Project Summary/Abstract
 Resistance to chemotherapy and molecularly targeted therapies is a major problem facing
current cancer research. The development of drug resistance could lead to chemotherapy failure and
tumor relapse, resulting in reduced survival rates. In addition, despite the unprecedented success
achieved in cancer immunotherapy over the past decades, the cancer-cell-intrinsic mechanisms of
resistance result in low response rates of patients which remains a major challenge. Therefore, it is
urgently necessary to develop novel therapy to address these problems. Recently, our laboratory,
headed by my sponsor Dr. Bing Xu, developed anticancer nanomedicine based on enzyme-instructed
self-assembly (EISA). The EISA is capable of selective inhibition of tumor without harming normal
tissues due to its precise spatiotemporal control. Additionally, by targeting multiple targets, EISA hardly
induces acquired drug resistance. Most importantly, combination therapy holds great promise for tumor
prevention and treatment. The overall goal of this project is to overcome cancer drug resistance
through the application of nanotechnology and combination with anticancer immunotherapy.
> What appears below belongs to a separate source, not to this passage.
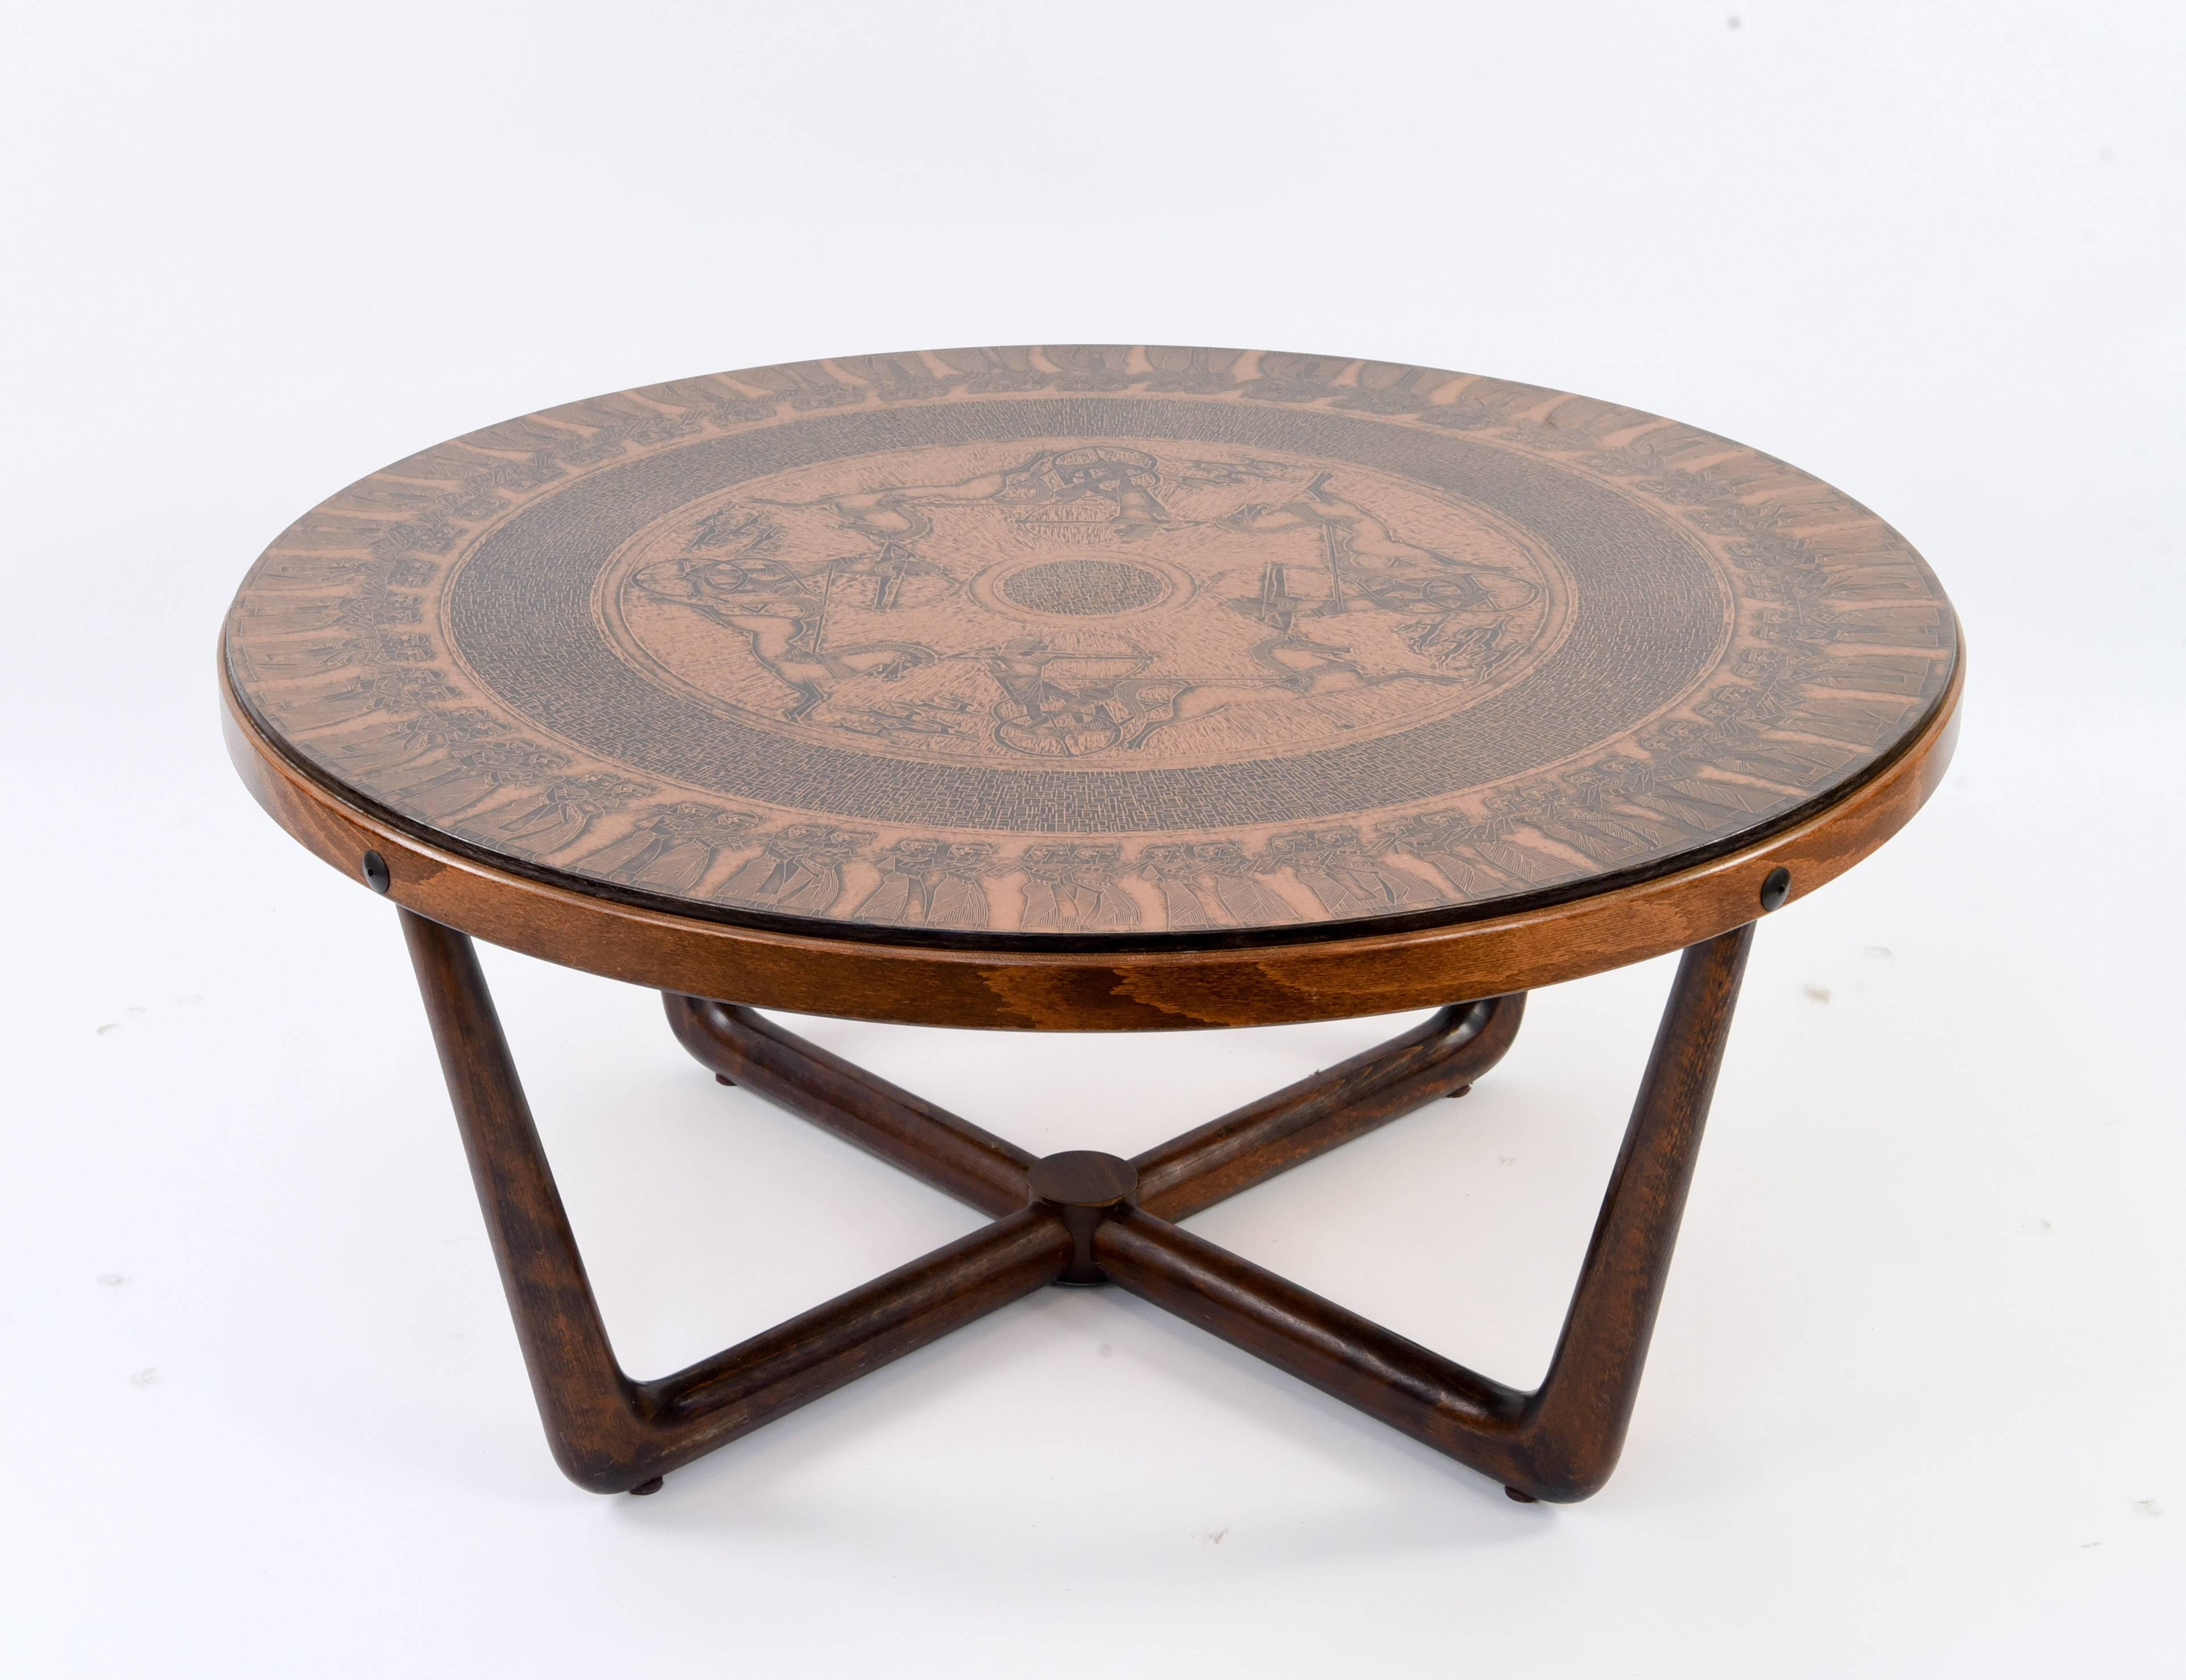 This coffee table features a stamped copper top in neo-Egyptian themes. Crafted by Vad Trevare Fabric Norge, circa 1970. Base in solid, stained beechwood.

To achieve
this goal, we proposed two following specific aims:
 1) During the F99 phase, I propose to develop anticancer nanomedicines based on EISA to
target loss-of-function (downregulation) and endoplasmic reticulum (ER) in cancer cells for minimizing
the drug resistance and side effect. We designed a two enzyme controlled assembly system to target
the downregulation via the combination of enzyme-instructed assembly and disassembly and tested its
anticancer efficacy and selectivity. We will also study the EISA in targeting ER for cancer inhibition. The
ER targeting ability and dynamic distribution of the designed molecules will be tested. Moreover, we
will elucidate the mechanisms of cancer cell death induced by ER targeting.
 2) For the K00, the direction of my postdoctoral research will focus on improving the anti-tumor
response of immunotherapy through the combination with EISA based nanomedicines. The proposed
postdoctoral training will provide me with new insight and techniques in cancer immunology.

## Key facts

- **NIH application ID:** 10073633
- **Project number:** 4K00CA234746-03
- **Recipient organization:** HARVARD UNIVERSITY
- **Principal Investigator:** Zhaoqianqi Feng
- **Activity code:** K00 (R01, R21, SBIR, etc.)
- **Funding institute:** NIH
- **Fiscal year:** 2020
- **Award amount:** $85,666
- **Award type:** 4N
- **Project period:** 2020-01-01 → 2023-12-31

## Primary source

NIH RePORTER: https://reporter.nih.gov/project-details/10073633

## Citation

> US National Institutes of Health, RePORTER application 10073633, Overcoming Tumor Resistance with Enzyme-Instructed Nanoscale Assemblies and Immunotherapies (4K00CA234746-03). Retrieved via AI Analytics 2026-05-21 from https://api.ai-analytics.org/grant/nih/10073633. Licensed CC0.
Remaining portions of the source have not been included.